Our marriage deteriorated sharply after my wife began to earn more money and I lost the Pension Credit. My weekly Basic State Pension of £39.95 minus Adjustment of £13.00 meant that my weekly income was £26.95. In consequence, I turned to myself and began to live only for my work; it became impossible to live with me. How shall I tell Doina, delicately, that my financial situation has changed, and that it might be possible that I might change too, that we could live together again?

The dealer showed us the car my wife would have liked.  The maximum speed was 100 miles per hour, but we were not interested in buying a fast car. We test-drove it; Doina liked it, but she thought it too expensive. And so I told her of the money. We bought the car. I began to think what we should do next: ‘Let us go to a country where summers are real summers. Now you will have the possibility to devote yourself to writing. That’ what you always wanted to do, but you never could, being the sole bread winner in the family.’

But then I corrected myself: ‘No, my place is in Oxford. We can buy a house there. Will you live with me in Oxford?’ – ‘I will, but don’t expect me to devote myself to teaching you how to pronounce English properly.’ – ‘Don’t worry. You helped me when I was recording the lecture on “Socrates, Plato, and the Laws of Athens” [for my website]. Do you remember? I was listening to the recordings of Tolkien’s The Fellowship of the Ring, stopping the reader after every phrase and sentence, trying to imitate his intonation. You listened, and said: “You are doing it all wrong. Your voice goes up at the end of every phrase and every sentence. In English the voice goes down.” How could it have happened that for more than thirty years I was thinking and speaking English without noticing this capital flaw in my pronunciation? If my lecture became free of it, it’s thanks to you. But since then I must have relapsed into my old bad habits, conditioned by my native Czech. During the past few weeks I read aloud the whole of Berkeley’s Principles, all wrong.  I noticed it only a few days ago, when I began to read aloud Locke’s Essay. Now I have been imitating Fry’s Harry Potter to get the intonation right.

May I hope that we shall live together in Oxford? Hopefully, I will be allowed to teach there at last. I have on my website 12 chapters of the 1st volume of Lost Plato, and I have written two or three chapters designed for the 2nd volume.

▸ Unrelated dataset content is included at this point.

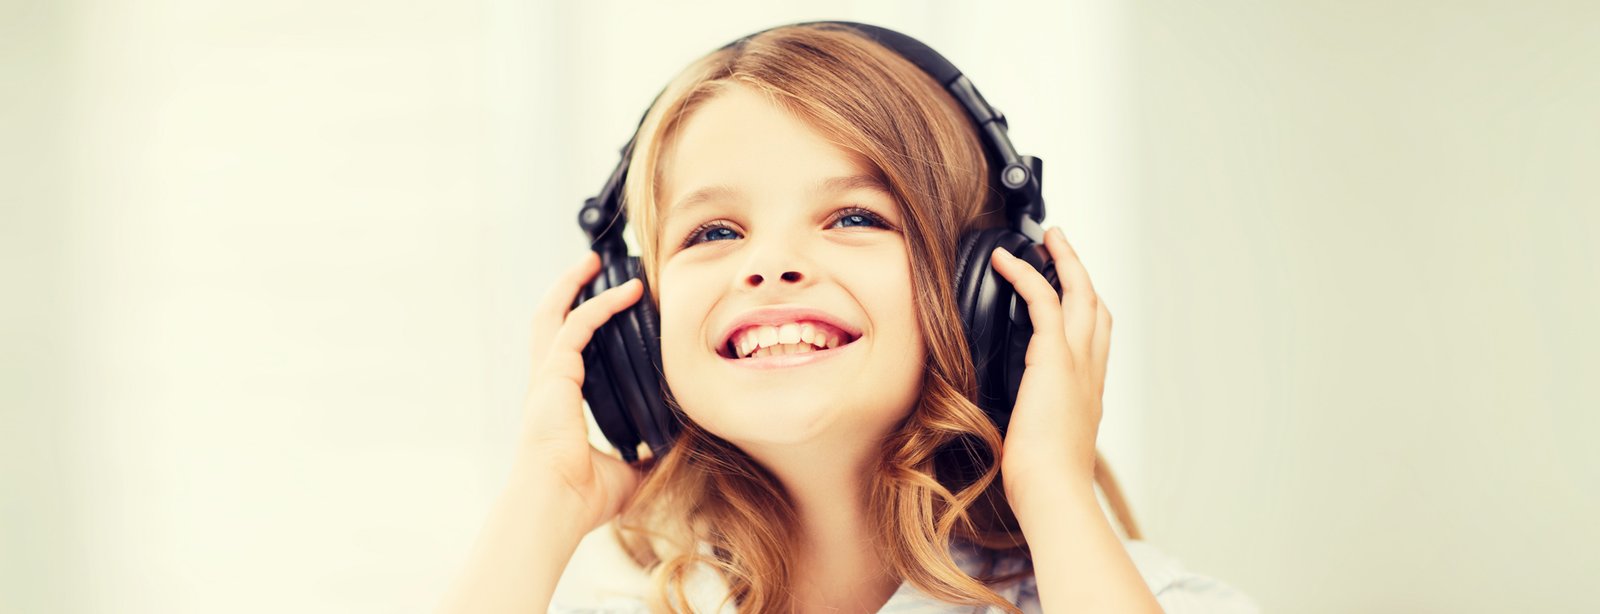 Девочка слушает музыку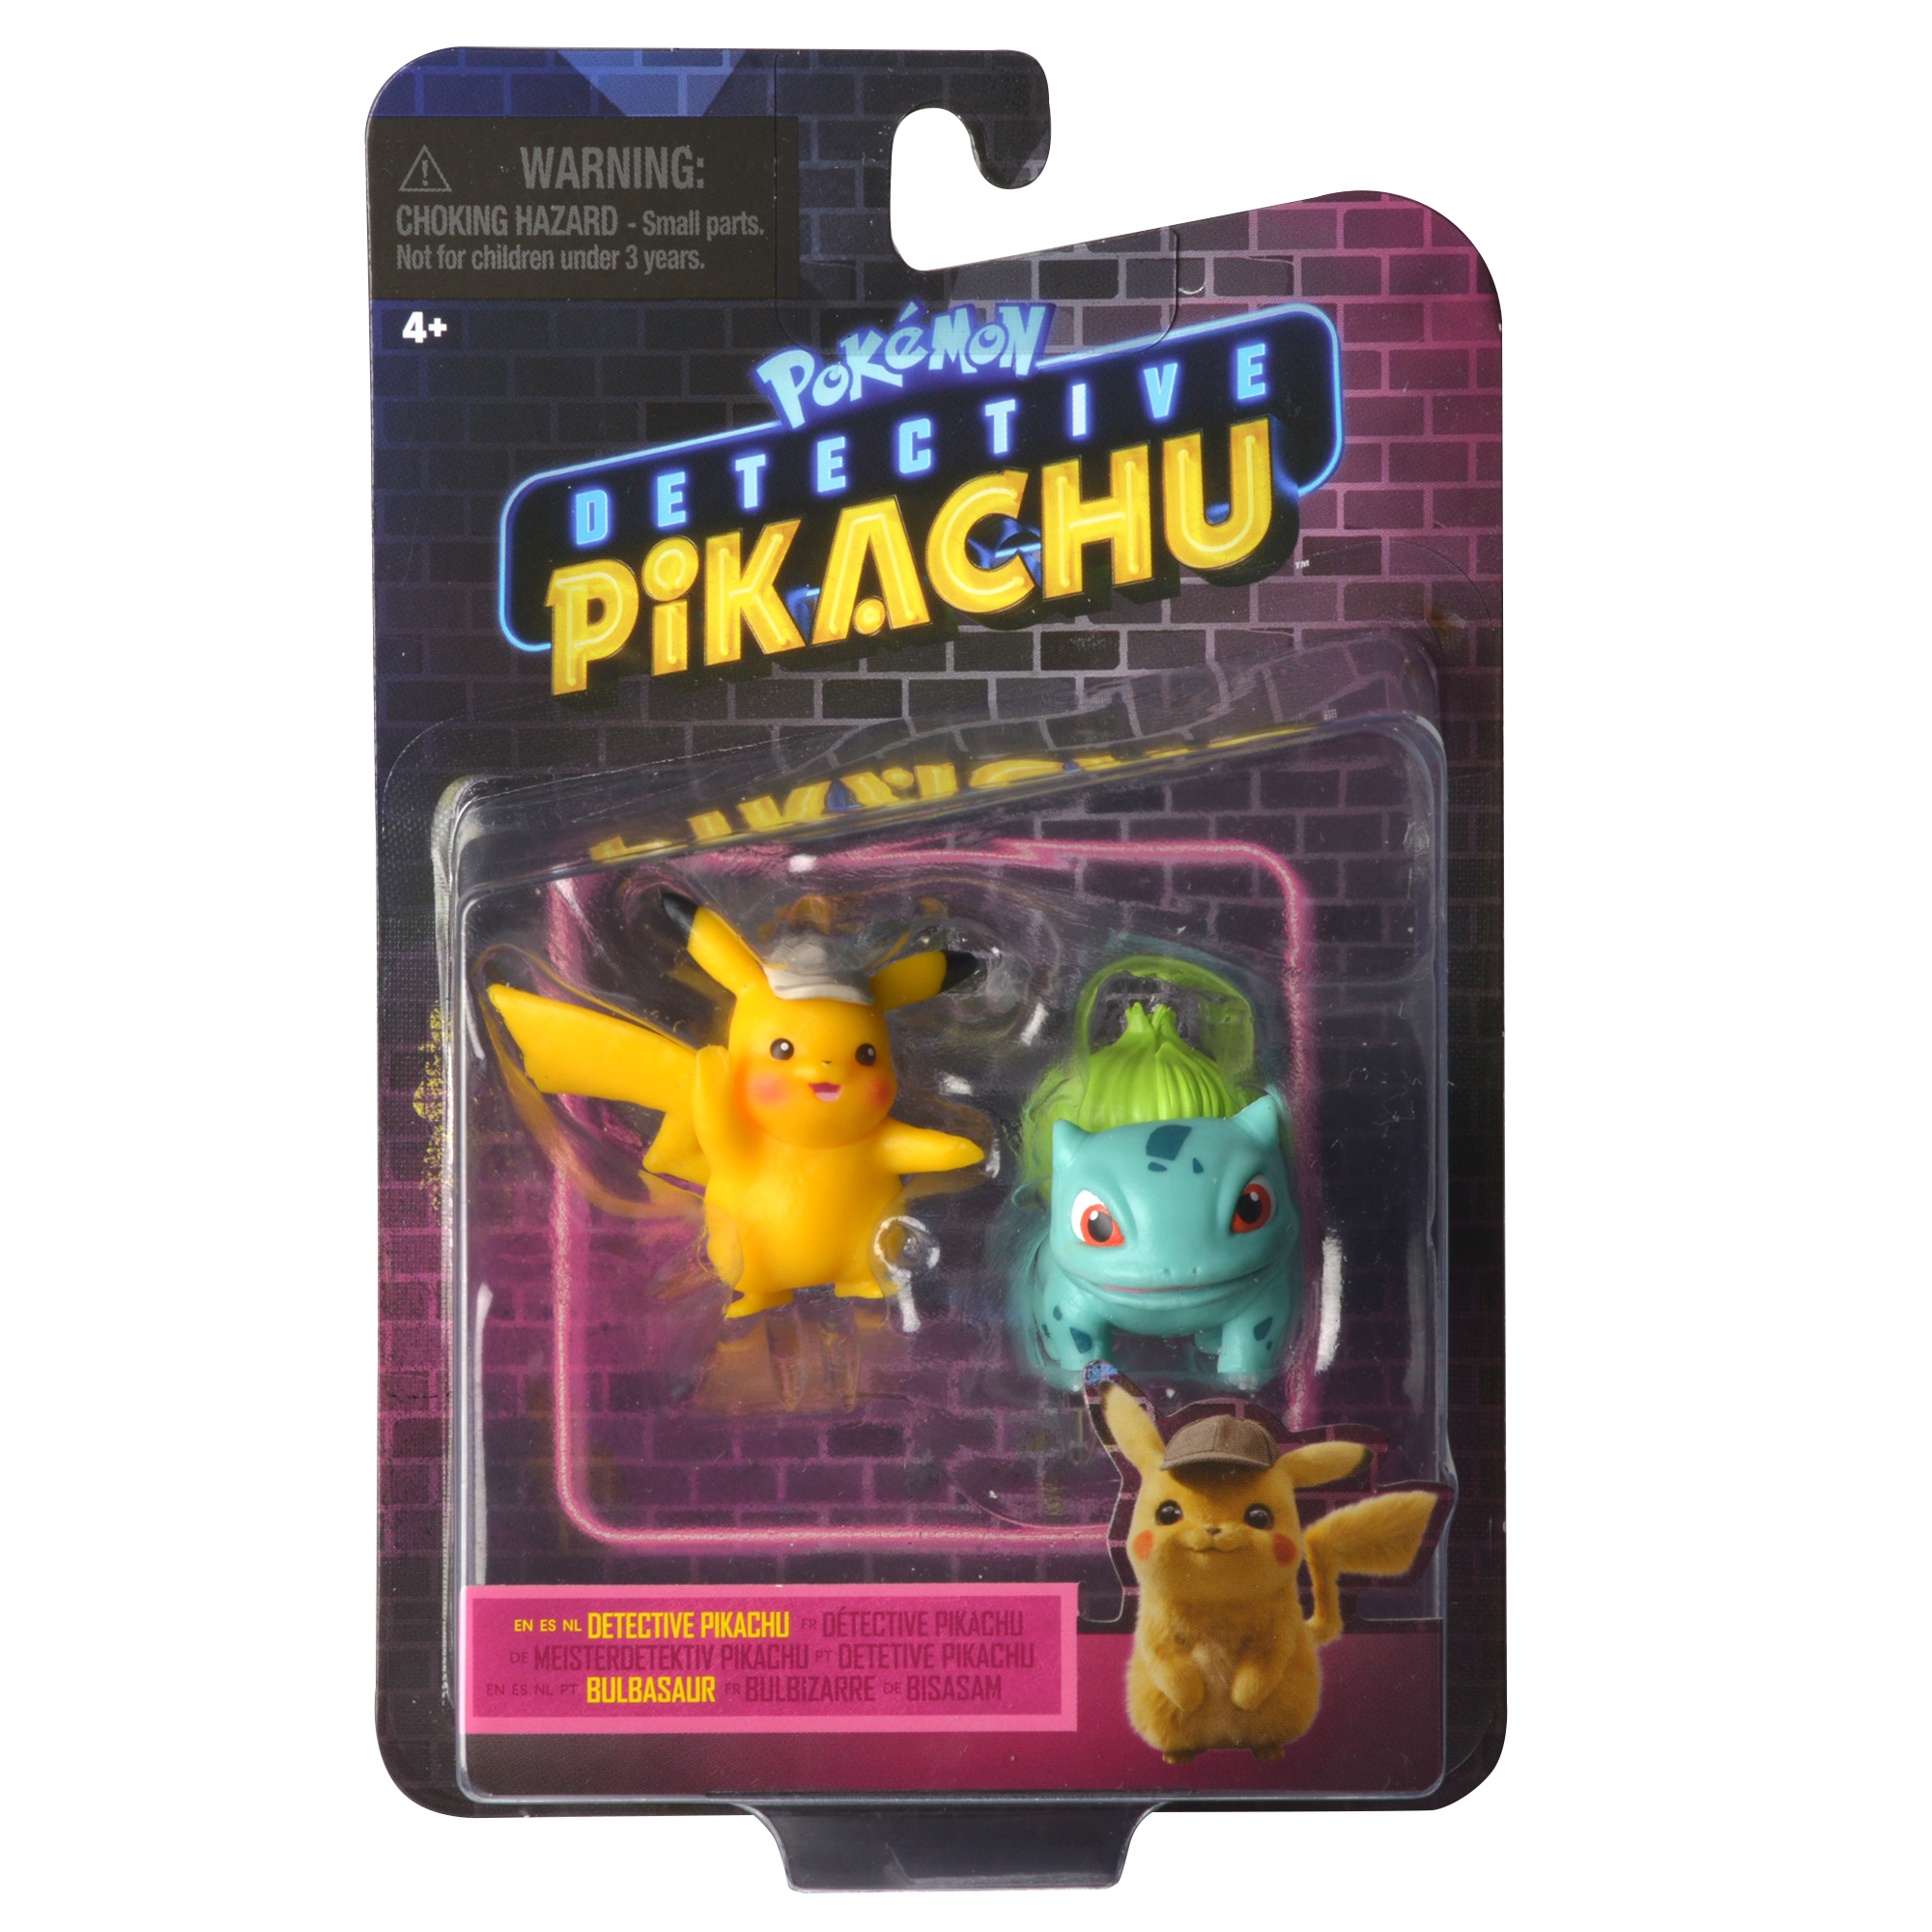 pikachu detective toys

All this could form the basis of my lecture course on Plato. In the course of giving my lectures I would revise what I have written, and hopefully finish the book. What do you think, will it work? Our children will benefit, if we do not split up.’– Before Doina could answer me, I woke up.

I went to the toilet again. My alarm clock on the window sill was indicating 7.20 in the morning. My dream has corroborated J. K. Rowling’s King’s Cross narrative. The time of my dream was much longer than the real time, during which my dreaming lasted, could possibly have been.